OpenAI Introduces Faster, Lower-Cost GPT-5.4 Mini and Nano Models

OpenAI has launched two smaller versions of its latest GPT-5.4 model—Mini and Nano—designed for developers who prioritize speed and cost over maximum reasoning power. The Mini model runs more than twice as fast as the full model while staying close on key benchmarks, and the Nano model focuses on simple classification and data‑extraction tasks. Both models support text and image inputs, tool use, function calling, and a 400,000‑token context window, and they are available today via the API, Codex, and ChatGPT. This tiered approach lets developers allocate cheaper models for routine work and reserve the full model for complex reasoning, reshaping how real‑time AI applications are built.

Background

OpenAI is expanding its model portfolio by offering scaled‑down versions of its flagship GPT-5.4 system. The move reflects a growing demand from developers for models that deliver rapid responses and lower operating costs without sacrificing core capabilities.

New Mini and Nano Models

The GPT-5.4 Mini model delivers more than twice the speed of the full GPT-5.4 while maintaining performance that is close to the larger version on major benchmarks.

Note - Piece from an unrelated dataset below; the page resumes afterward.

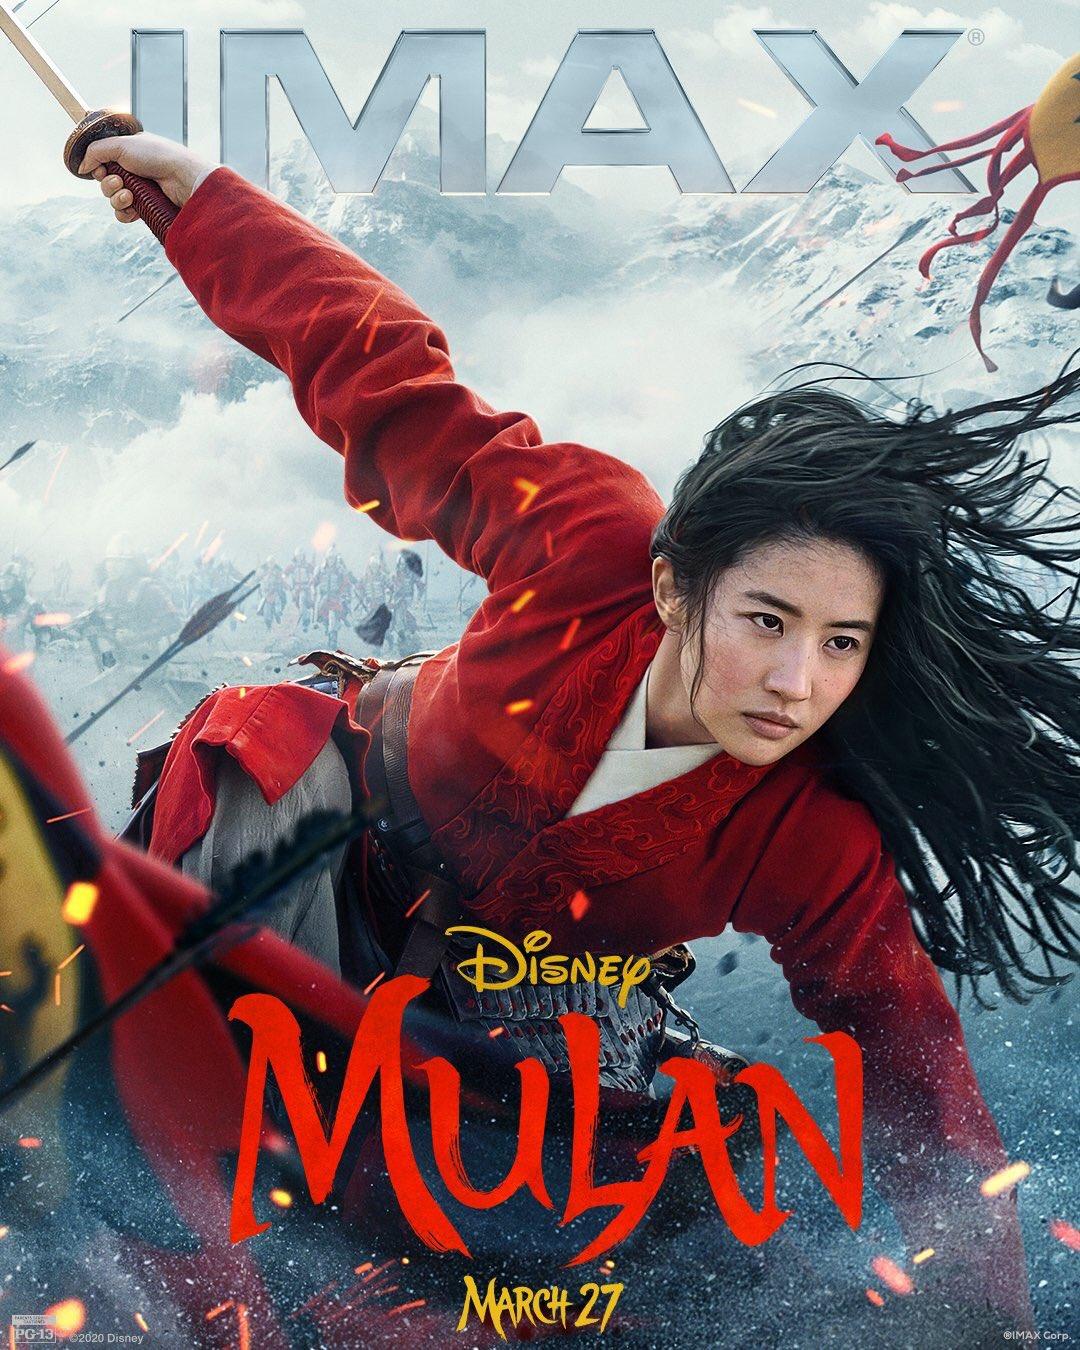 Mulan [Disney - 2020] - Page 16 ERy4QsrWkAE7V8V?format=jpg&name=large

The Nano variant pushes efficiency further, targeting simpler tasks such as classification and data extraction where raw speed and cost are paramount.

Performance and Cost

Both Mini and Nano retain the full feature set, including text and image inputs, tool use, function calling, and a 400,000‑token context window. The Mini model scores 54.4 percent on SWE‑Bench Pro compared with 57.7 percent for the full model, and 72.1 percent on OSWorld‑Verified versus 75 percent for the larger version, showing a narrow performance gap. Cost reductions are dramatic: Mini is priced at $0.75 per million input tokens and $4.50 per million output tokens, while Nano drops to $0.20 per million input tokens and $1.25 per million output tokens.

Availability and Use Cases

The new models are live today. Mini is accessible through the API, Codex, and ChatGPT, with free and Go users reaching it via the “Thinking” option. Nano is currently limited to the API and is aimed at high‑volume workloads where cost control is critical. Developers can employ a multi‑model workflow, pairing a larger model for planning with Mini or Nano for execution, which mirrors real‑world app architectures that separate judgment from repetitive processing.

Implications for Developers

This tiered offering enables developers to shift routine coding and background tasks to cheaper tiers while reserving the full GPT‑5.4 for complex reasoning. Early feedback indicates that Mini can match or outperform competing models on several tasks at lower cost, and in some cases delivers stronger end‑to‑end results than the full model. The expanded suite empowers developers to balance speed, cost, and capability more effectively, shaping the next generation of real‑time AI features.